I got the chance to participate in the Practical Permaculture Diploma offered by the Permaculture Research Institute Sunshine Coast here in Australia on a scholarship basis. The practical approach , being able to learn practically valuable self-reliance and life skills attracted plus the accessibility me to join this program.
As David Holmgren beautifully said 20 years ago and which I also deeply resonate with : ¨Permaculture, in its basic principles and its various forms of practical expression, has much to offer in personal and societal transcendence of addictive consumerism and its replacement with a creative abundance.¨ I felt motivated to make a change, to really be able to re-gain practical skills that have been lost along to way during my life time in a comfort consumer society.
Let me explain to you here a little bit of what I have learned and experienced so far on site in just over 1 month working practically at PRI Sunshine Coast. I hope it helps people to get a better understanding what it takes to manage and run permaculture systems (which ultimately is dealing with evolving living complexity as well as simplicity ). Another outcome would be to inspire you to join one of the future practical programs offered and get a step closer to the new regenerative culture we aim to create together !

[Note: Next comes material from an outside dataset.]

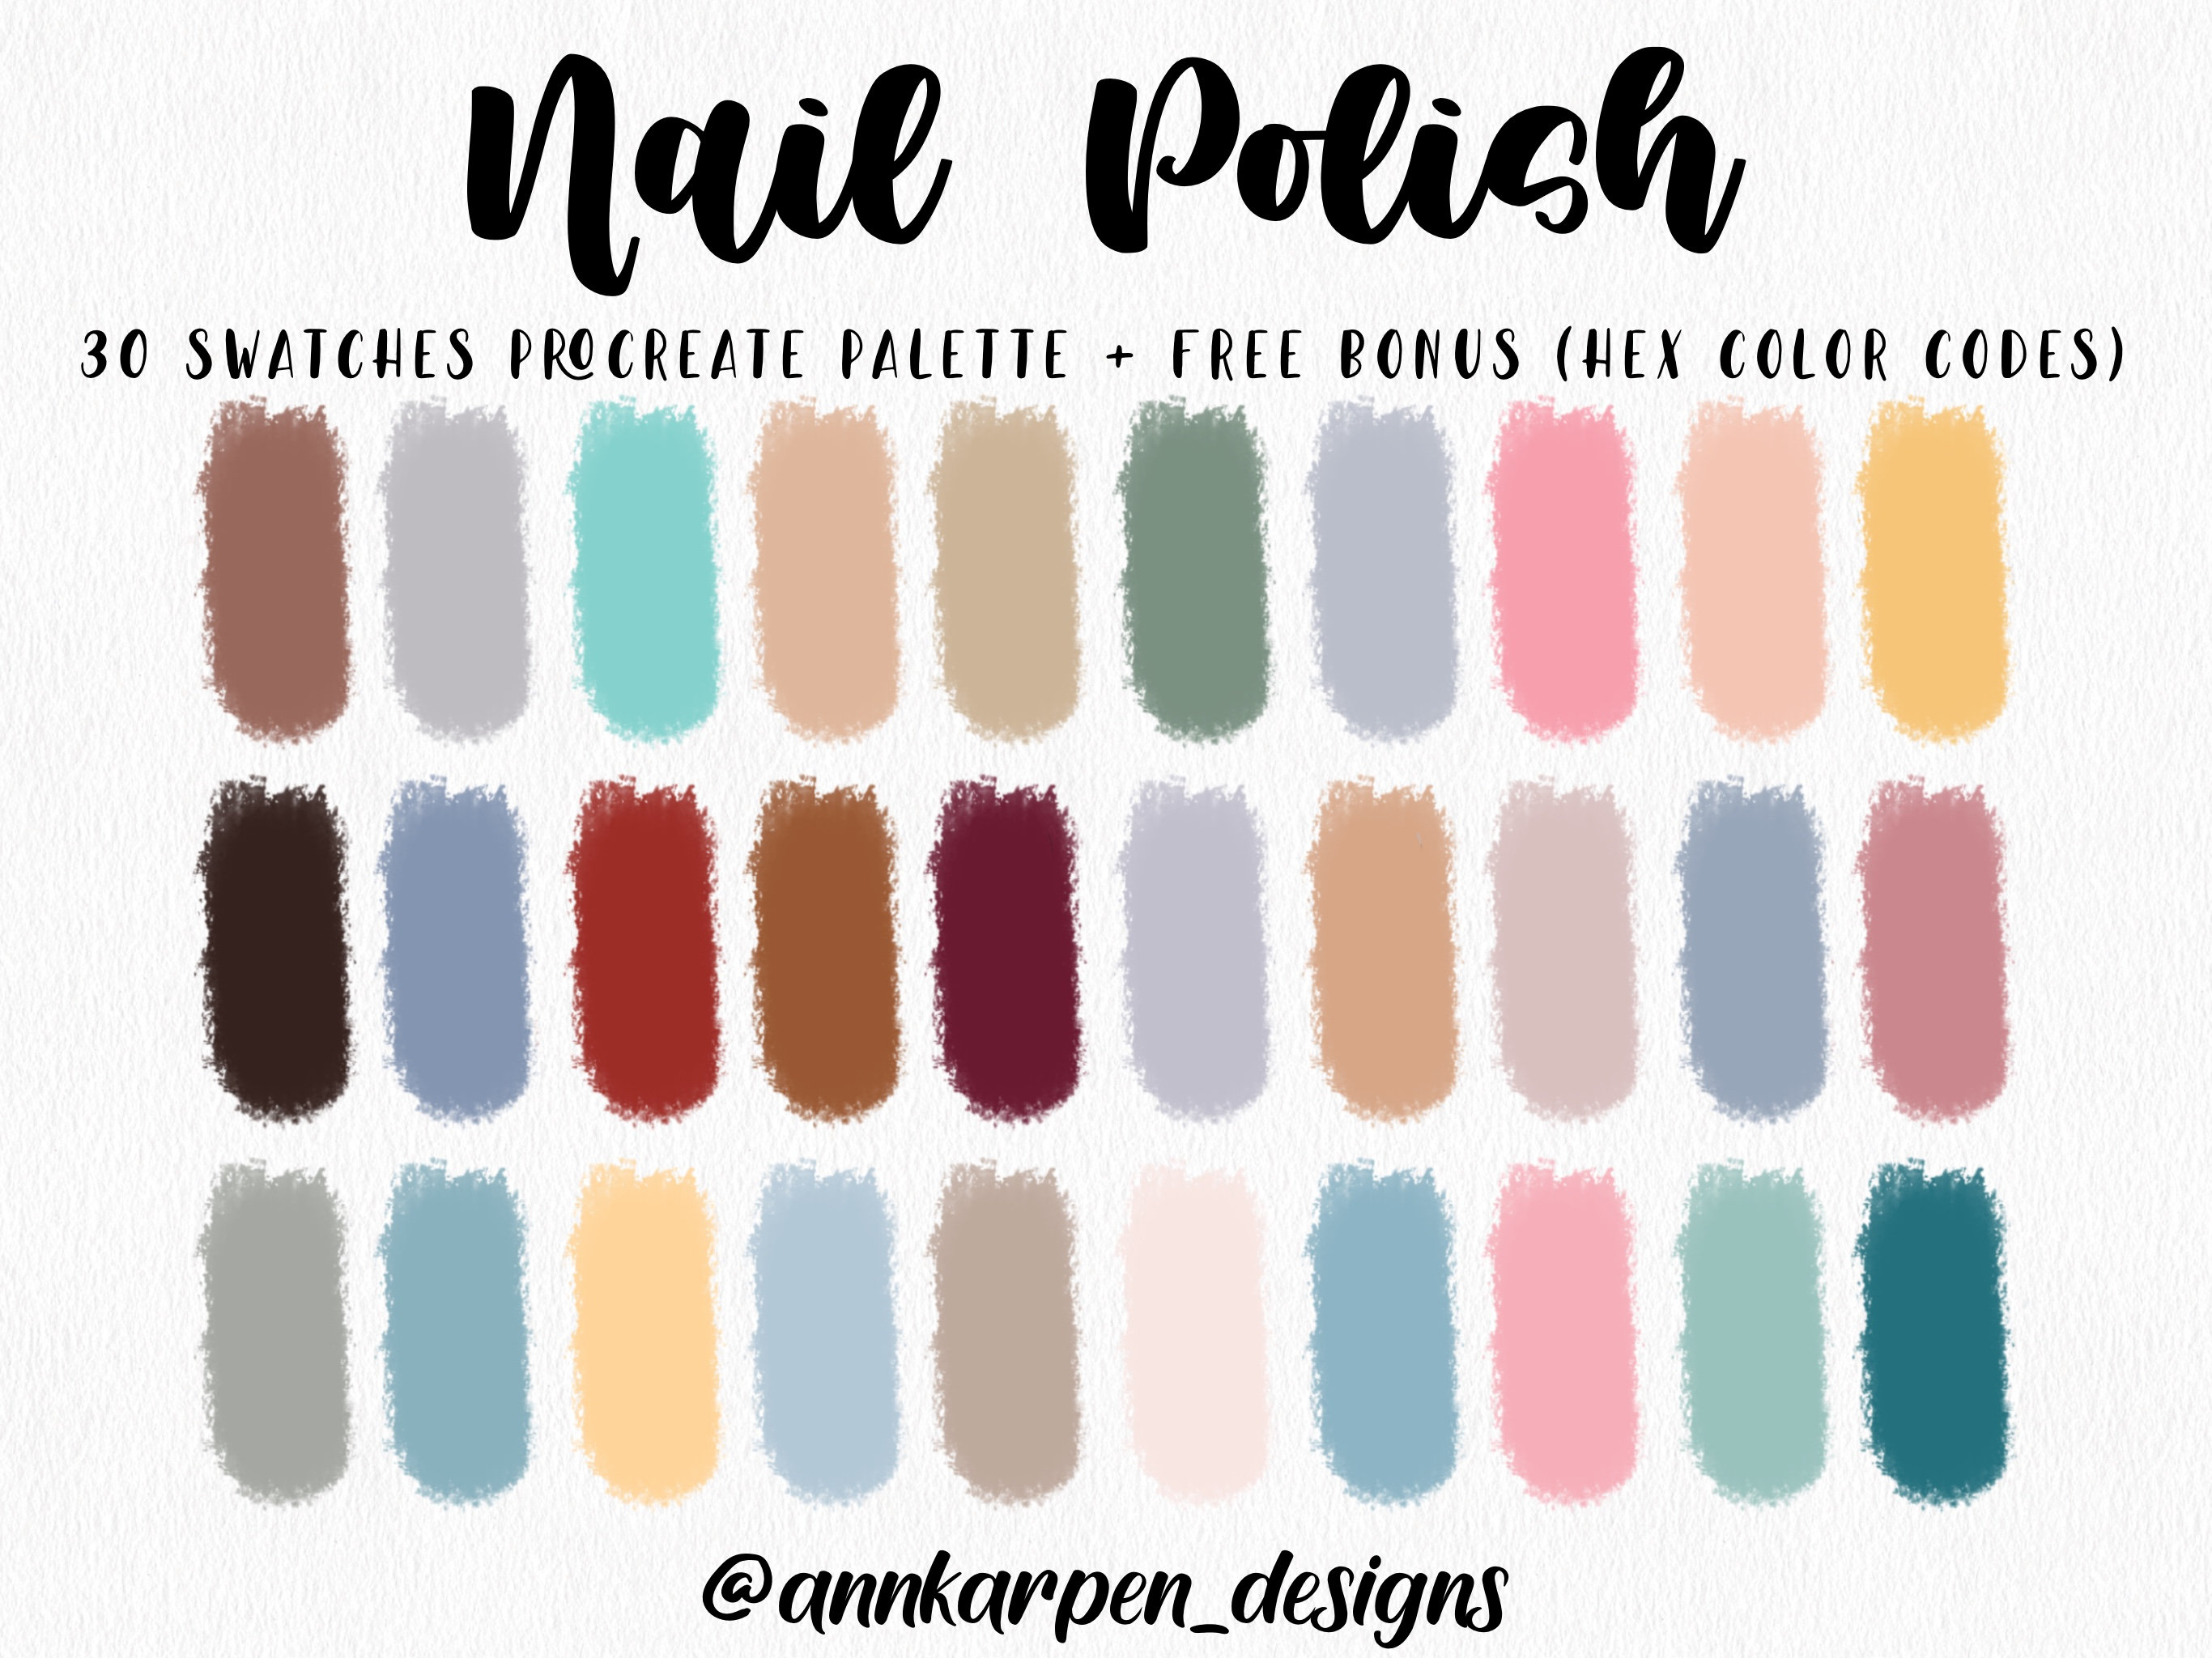 3. "Cozy and Chic" Winter Nail Color Palette - wide 4

We are located on the beautiful Sunshine Coast near a village called Kin Kin in a wonderful subtropical climate. PRI Sunshine Coast is 12ha in size and run by Tom & Zaia Kendall. Once I arrived I immediately started to appreciate and enjoy the natural beauty of this area and all the trees and forests plus amazing bird concerts all around us. After having spend lots of time in the more troubled ecosystems of the world I really appreciate spending time in surroundings like this.

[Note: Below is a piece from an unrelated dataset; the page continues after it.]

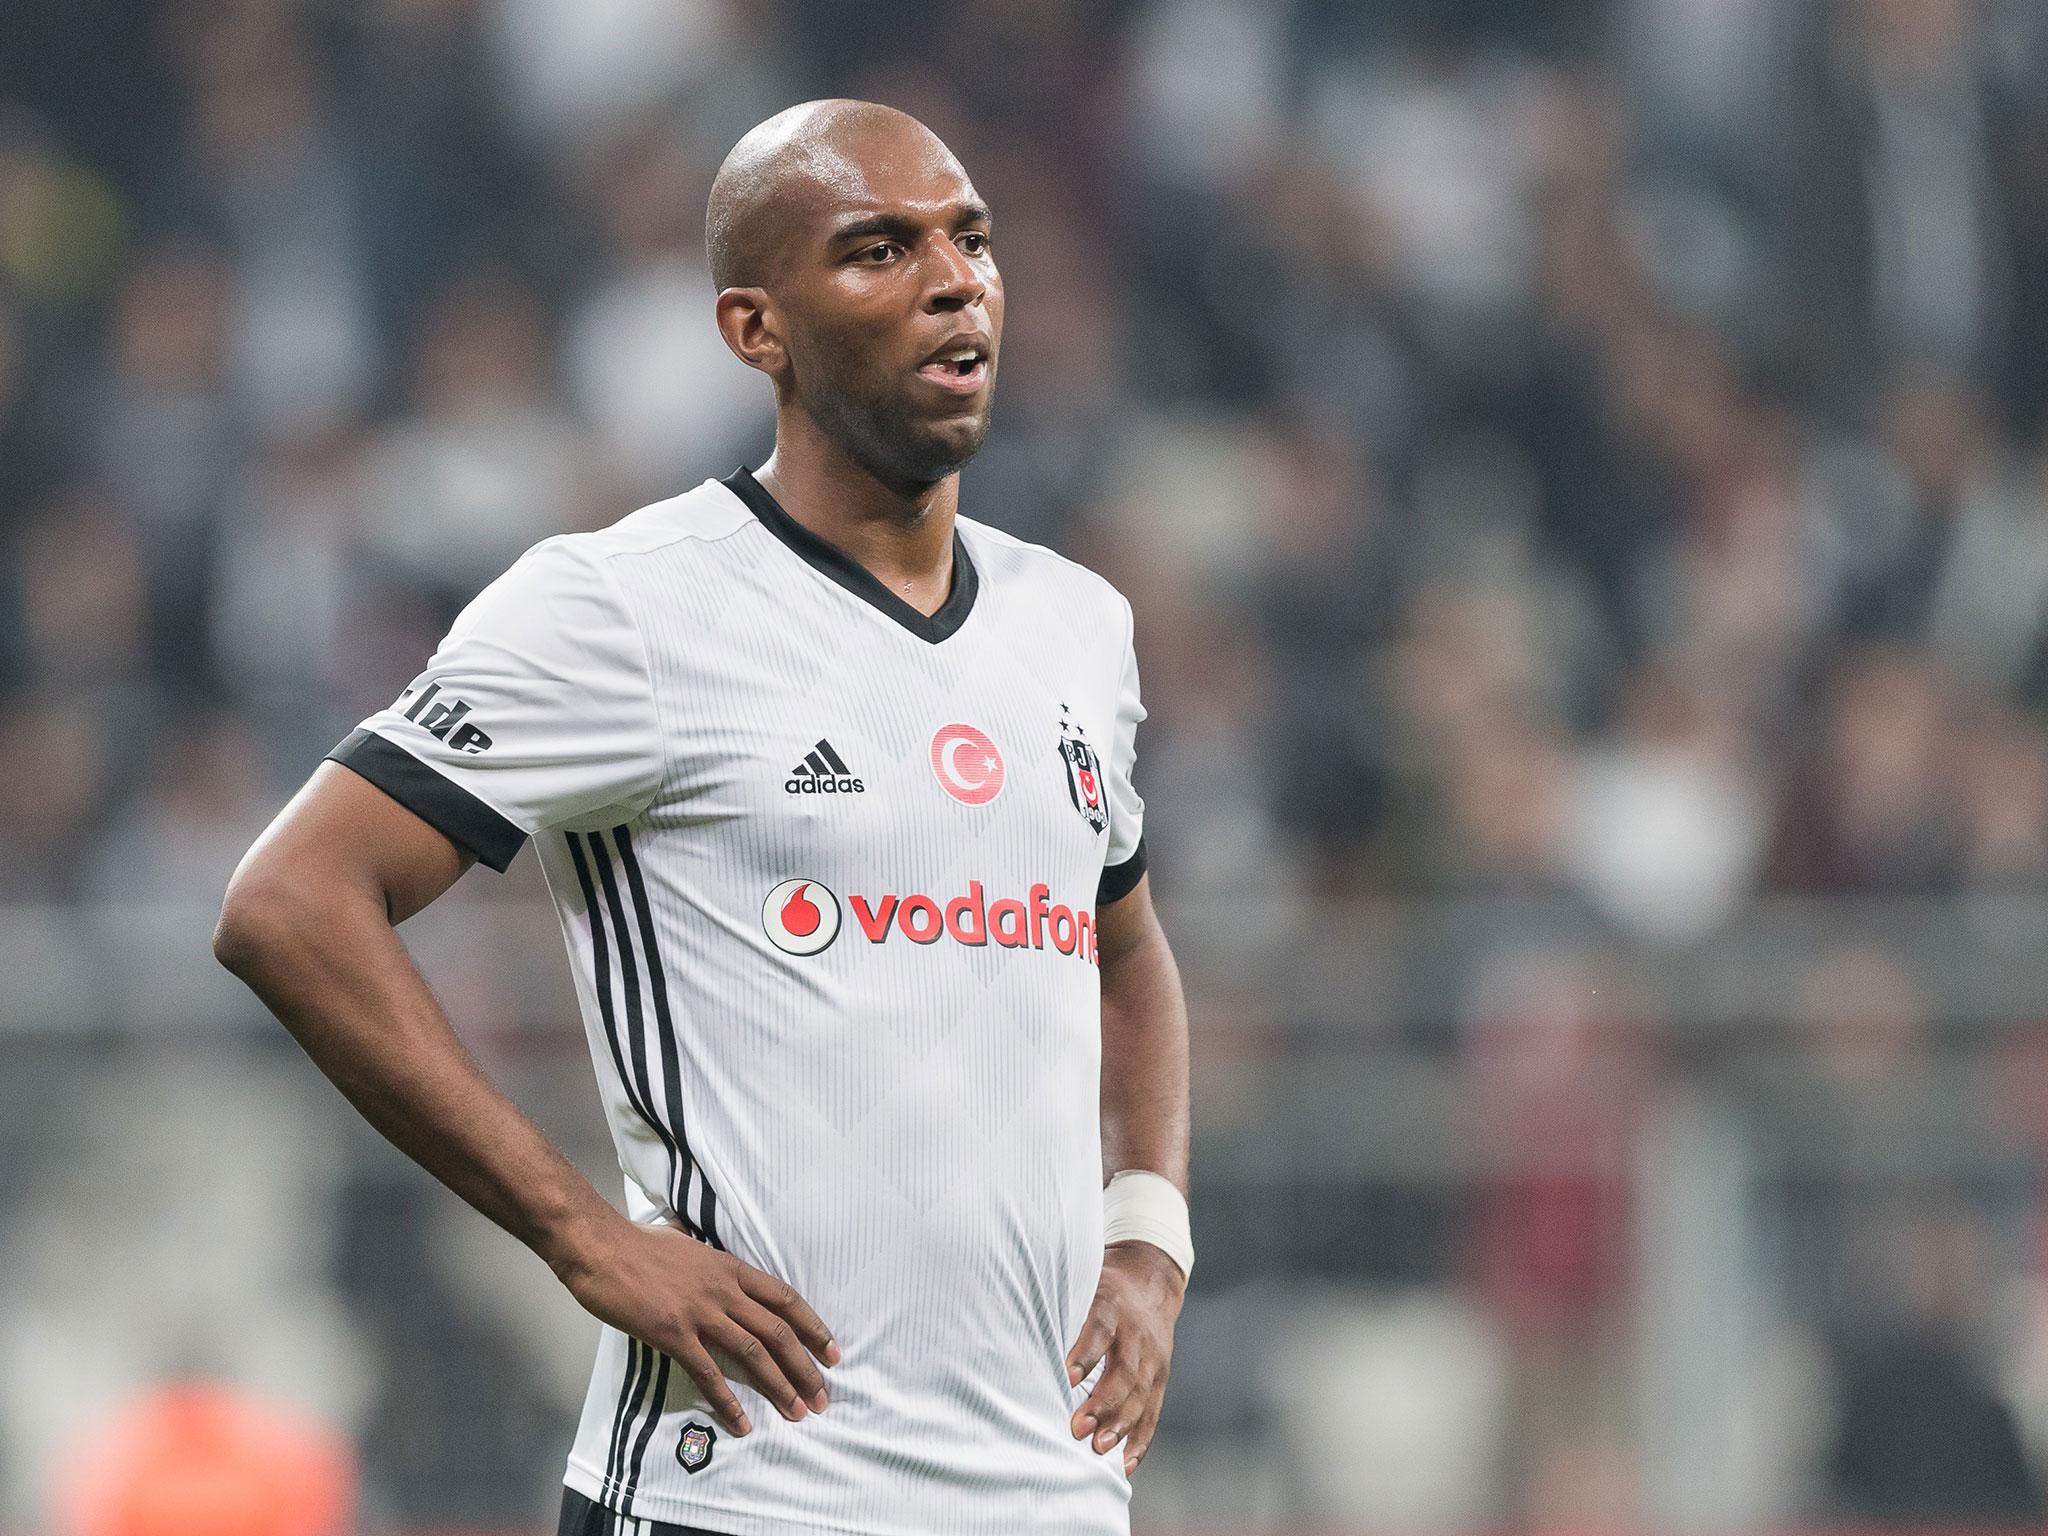 Ryan Babel has helped take Besiktas to the brink of the Champions League last-16

View from the wonderful pond with forest view
Sunrise at PRI Sunshine Coast
I first started to learn and work here on site with Choko, Anna and Toffee, our beautiful lady cows starting at 6am feeding them organic Copra (a residue of the coconut oil pressing process) and a spoon of minerals. As some of the pastures are not yet established to its fullest potential, milking Choko while playing nice calming classical music to her and after checking all of the 3 beauties for ticks.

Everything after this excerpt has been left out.